Closing this gap within a “CC-only” framework would require one or a combination of the following technical levers:
  • Higher capture rates. Commercial amine systems typically remove 90% of flue-gas CO2, but studies have investigated post-combustion capture efficiencies of up to 99% [49,50]. Raising capture performance to the upper end of this range would lower residual emissions and bring the scenario closer to the AR6 target.
  • Low-carbon co-firing. Blending sustainably sourced biomass with coal can further abate stack emissions. Indonesian studies report life-cycle reductions of 70–80 kg CO2 MW/h at a 20% biomass share, even before capture is considered [22]. Integrating such co-firing with CC would cut the remaining gap. Ammonia co-firing is also being explored as a strategy to reduce residual emissions from CCS-equipped power plants [51,52].
Indonesia’s biomass availability for energy is estimated at 130–137 million tonnes per year, translating to approximately 39.4 million tonnes of oil equivalent, primarily from agricultural and forestry residues such as palm oil waste, rice husks, and wood processing by-products [53]. While this presents substantial potential, the distribution of biomass is uneven, concentrated in regions like Sumatra and Kalimantan, and faces logistical, economic, and land-use challenges. Additionally, although Indonesia produces over 21 million m3/year of wood, actual utilization for co-firing or wood pellet production remains modest due to policy, infrastructure, and investment constraints.
In summary, while biomass and ammonia co-firing can complement CCS, their scalability is limited by supply, land-use, and infrastructure constraints. A phased and regionally targeted deployment of these strategies, alongside renewable expansion, could improve the alignment of CC-heavy scenarios with national climate goals. However, this requires further techno-economic evaluation to ensure long-term sustainability and system reliability.

4.3. Energy Security

Indonesia holds an estimated 33 billion tonnes of proven coal reserves and more than 90 billion tonnes of resources, enough to sustain current production levels for many decades [1]. Relying on that domestic fuel base insulates the power system from imported energy shocks. Conversely, high solar shares can weaken that security margin, especially with output volatility, where Java-Bali’s solar units recorded a 35% decline in average output during the 2023–2024 wet season [48]. Covering the fluctuations with battery storage or pumped hydro is technically feasible but remains capital-intensive [54,55,56]. Against this backdrop, the three CC pathways (CALL, CNEW, and COMB) offer low-carbon power generation that leverages abundant domestic coal and existing gas infrastructure.
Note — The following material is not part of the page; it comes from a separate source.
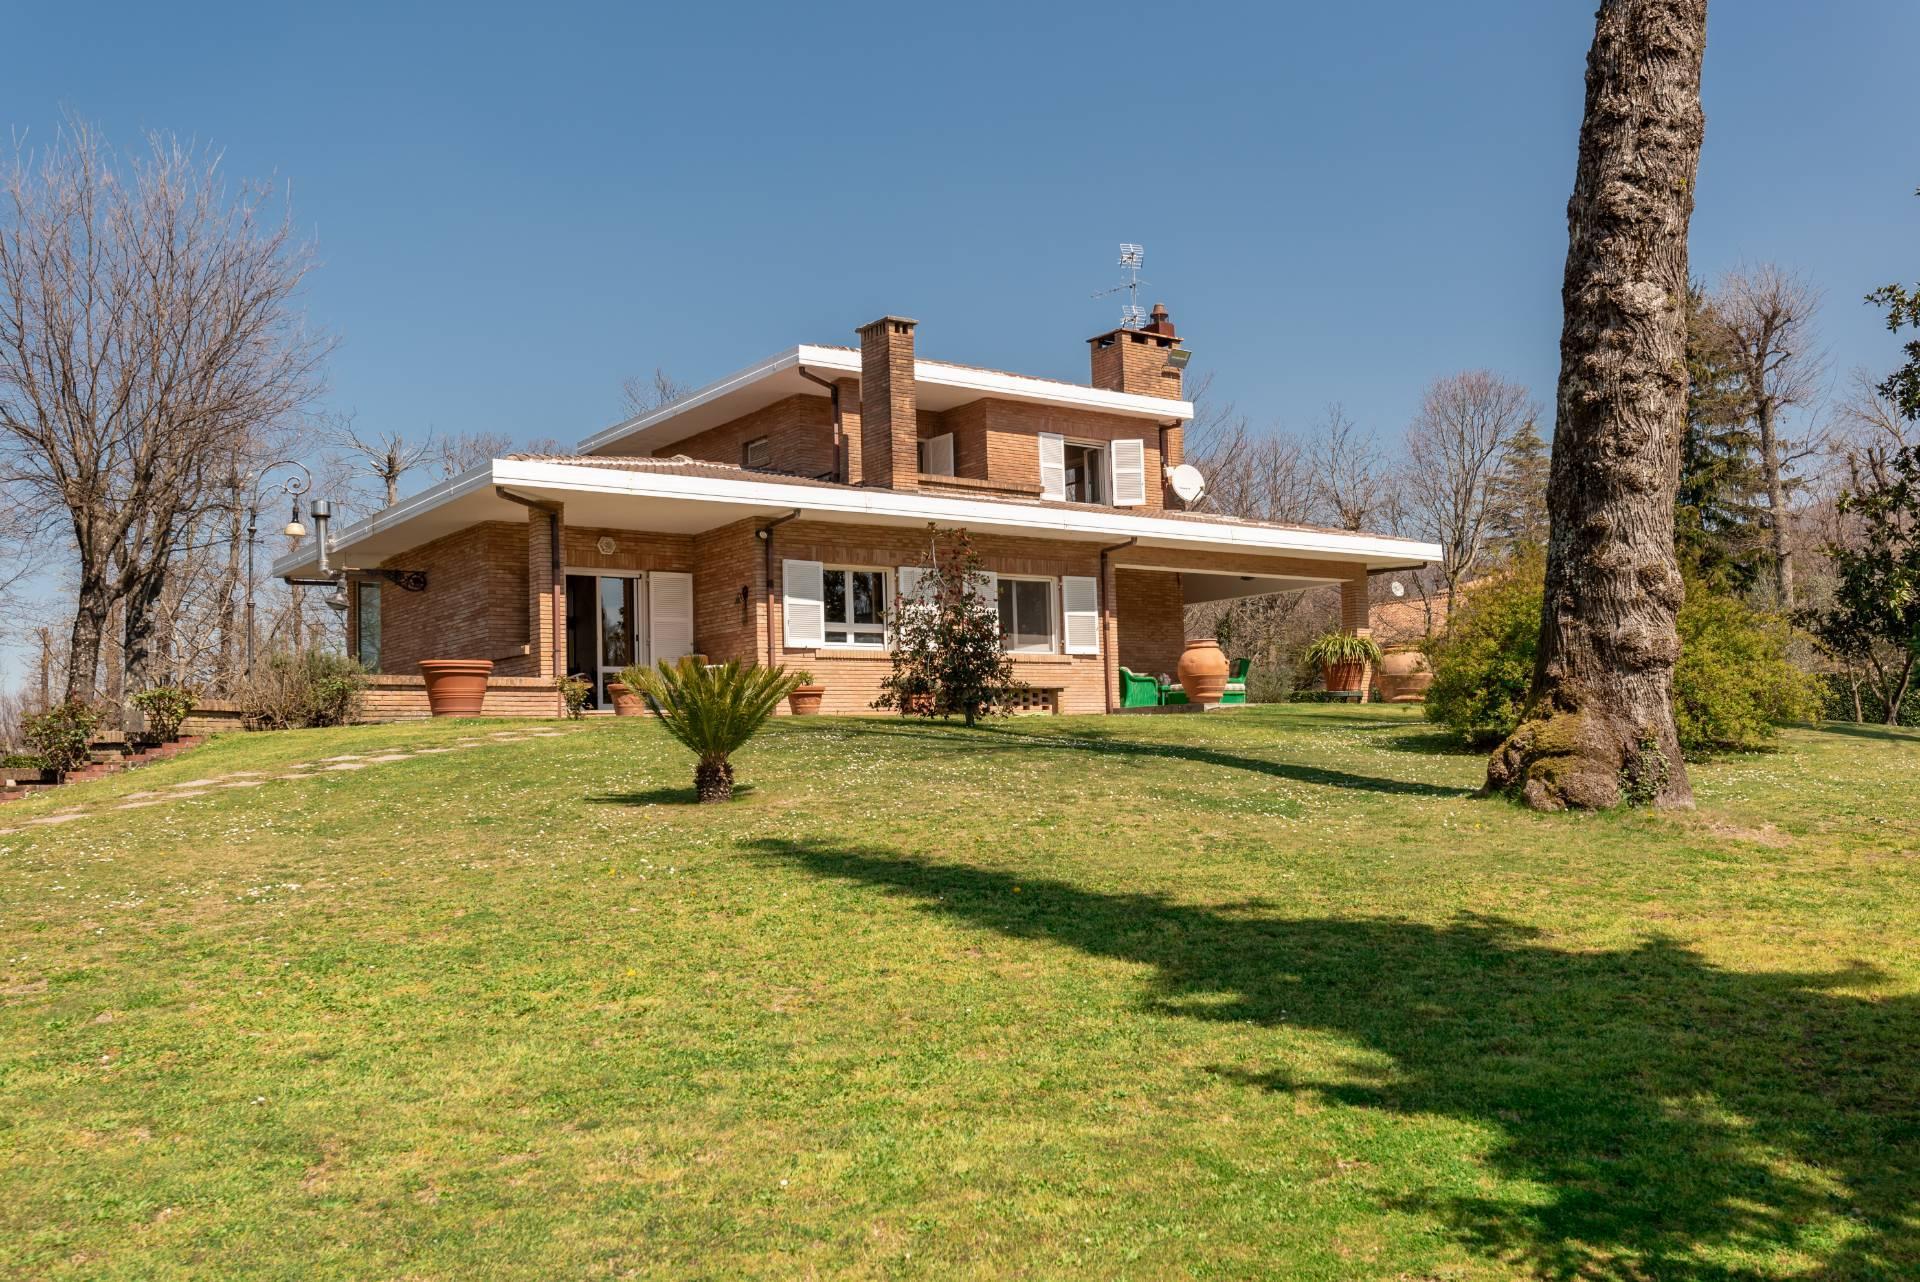 Villa in Vendita a Ariccia: 5 locali, 583 mq - Foto 3

They therefore:
  • Reduce import exposure. Fuel is sourced locally, limiting vulnerability to Liquefied Natural Gas (LNG) or oil price shocks.
  • Provide firm capacity and support grid stability. CC-equipped units operate as baseload, covering renewable shortfalls without the need for large-scale storage in the near term.
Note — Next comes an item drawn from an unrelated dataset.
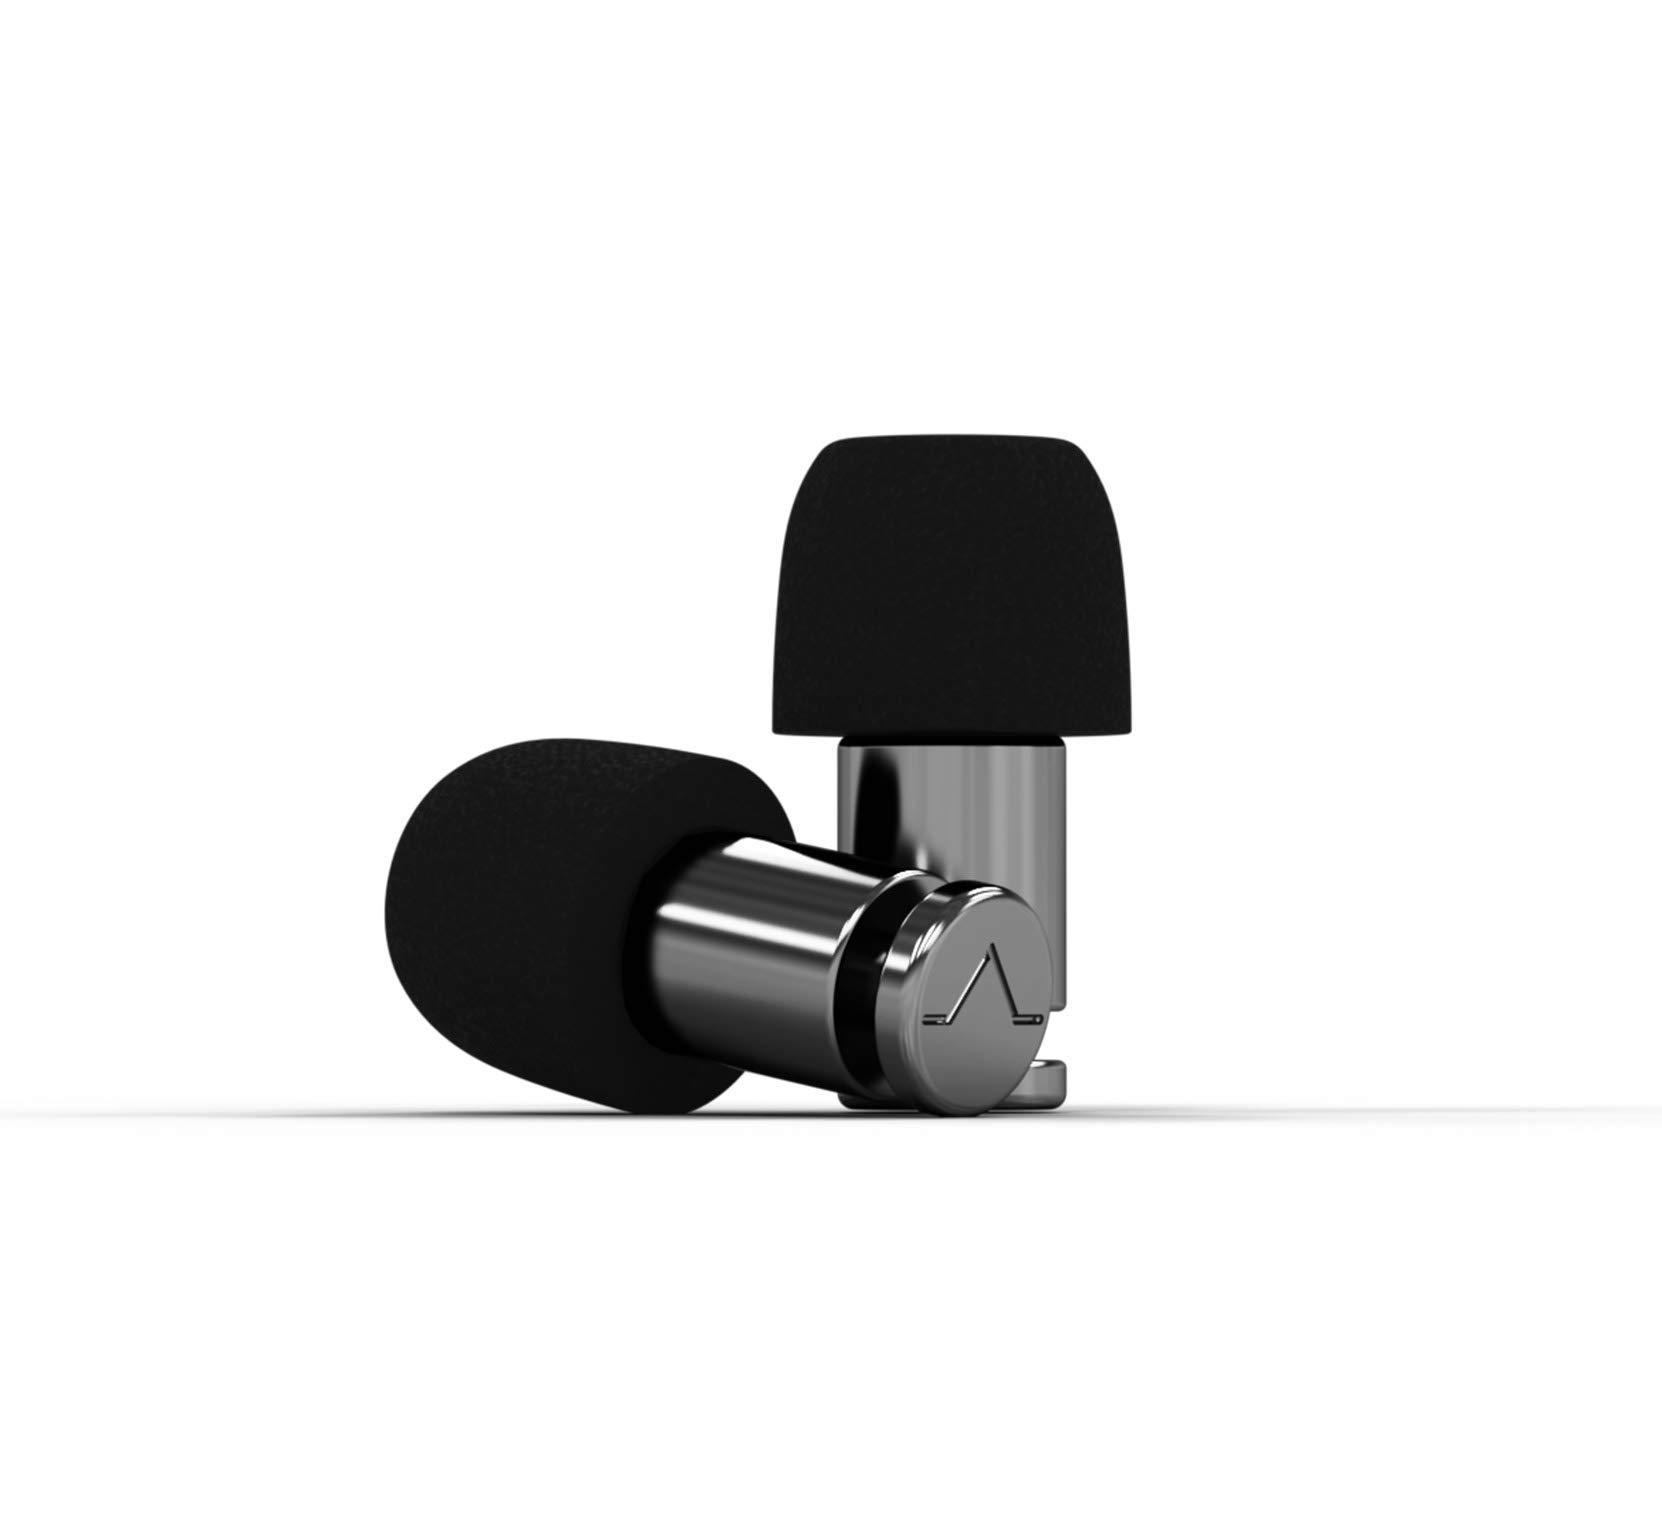 Flare Audio - Isolate MiNi Pro Polished Ear Protection Earplugs by FLARE AUDIO (Image #1)

Among them, the COMB scenario offers the most balanced approach. It combines retrofitted and new CC-equipped fossil plants with accelerated renewable deployment, achieving a lower emissions profile than CALL and CNEW while avoiding the operational constraints of a renewables-only system. Nevertheless, COMB and other CC pathways involve trade-offs, including exposure to potential future carbon pricing and the need for extensive investment in CO2 transport and storage infrastructure.
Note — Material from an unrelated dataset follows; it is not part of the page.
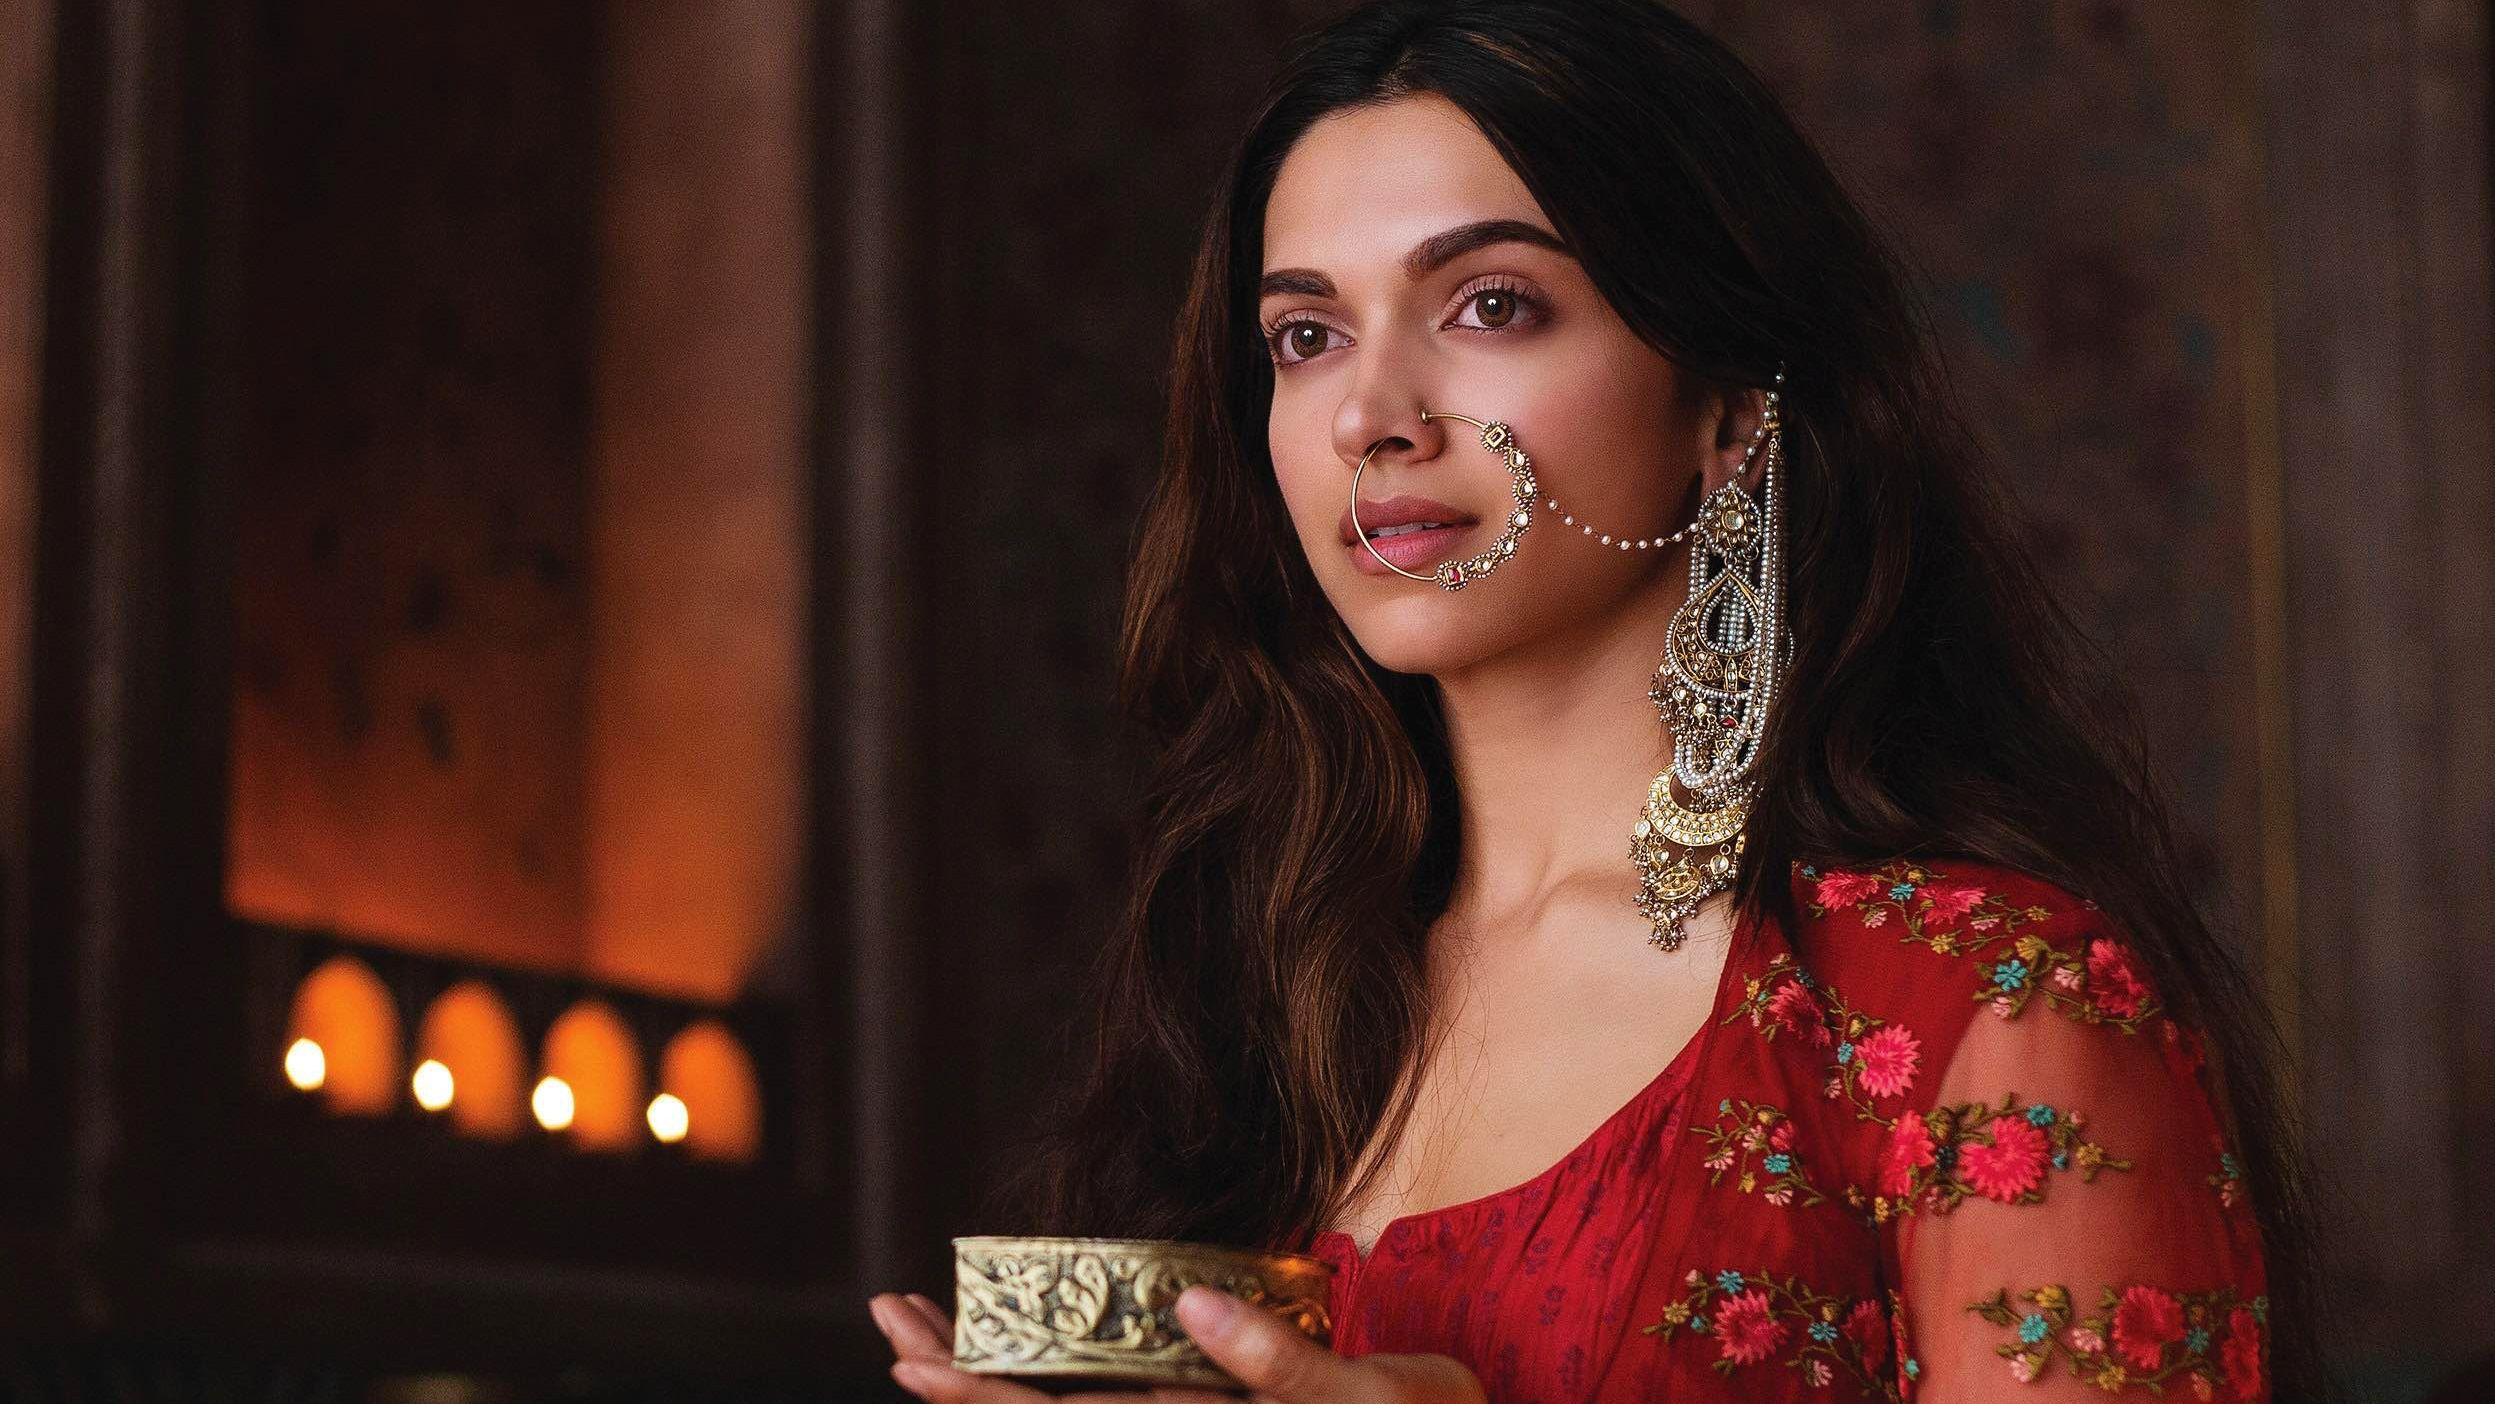 Image Result For Deepika Padukone In Bajirao Mastani Images Deepika Padukone Mastani Bollywood

The NRE scenario, which aims to achieve near-zero emissions by 2060, raises concerns regarding system reliability and feasibility. The LEAP model does not explicitly simulate grid stability and curtailment. However, external assessments indicate that maintaining grid reliability in a high-renewable system would require 12–16 GW of battery storage and 5–10 GW of pumped hydro, along with elevated reserve margins of approximately 25%, significantly above Indonesia’s current average of 17–18% [6,37,48]. Without aggressive investment and regulatory support, the NRE pathway may face short- to medium-term reliability challenges.
All CC scenarios incorporate CC-gas to support dispatchable, low-carbon generation amid Indonesia’s rising LNG imports. Analysts project a shortfall of ~10 LNG cargoes in 2024, and the IEA forecasts a sharp increase in Southeast Asia’s LNG imports through 2050 [37,57]. This exposes the power sector to price volatility and supply risks. One mitigation strategy is the deployment of hydrogen-ready turbines, which can initially run on natural gas and later transition to low-carbon hydrogen as the domestic supply develops [37,58]. While hydrogen use in gas turbines will remain limited until the 2030s, the option of integrating new CC-gas units with hydrogen offers future flexibility and enhances energy security.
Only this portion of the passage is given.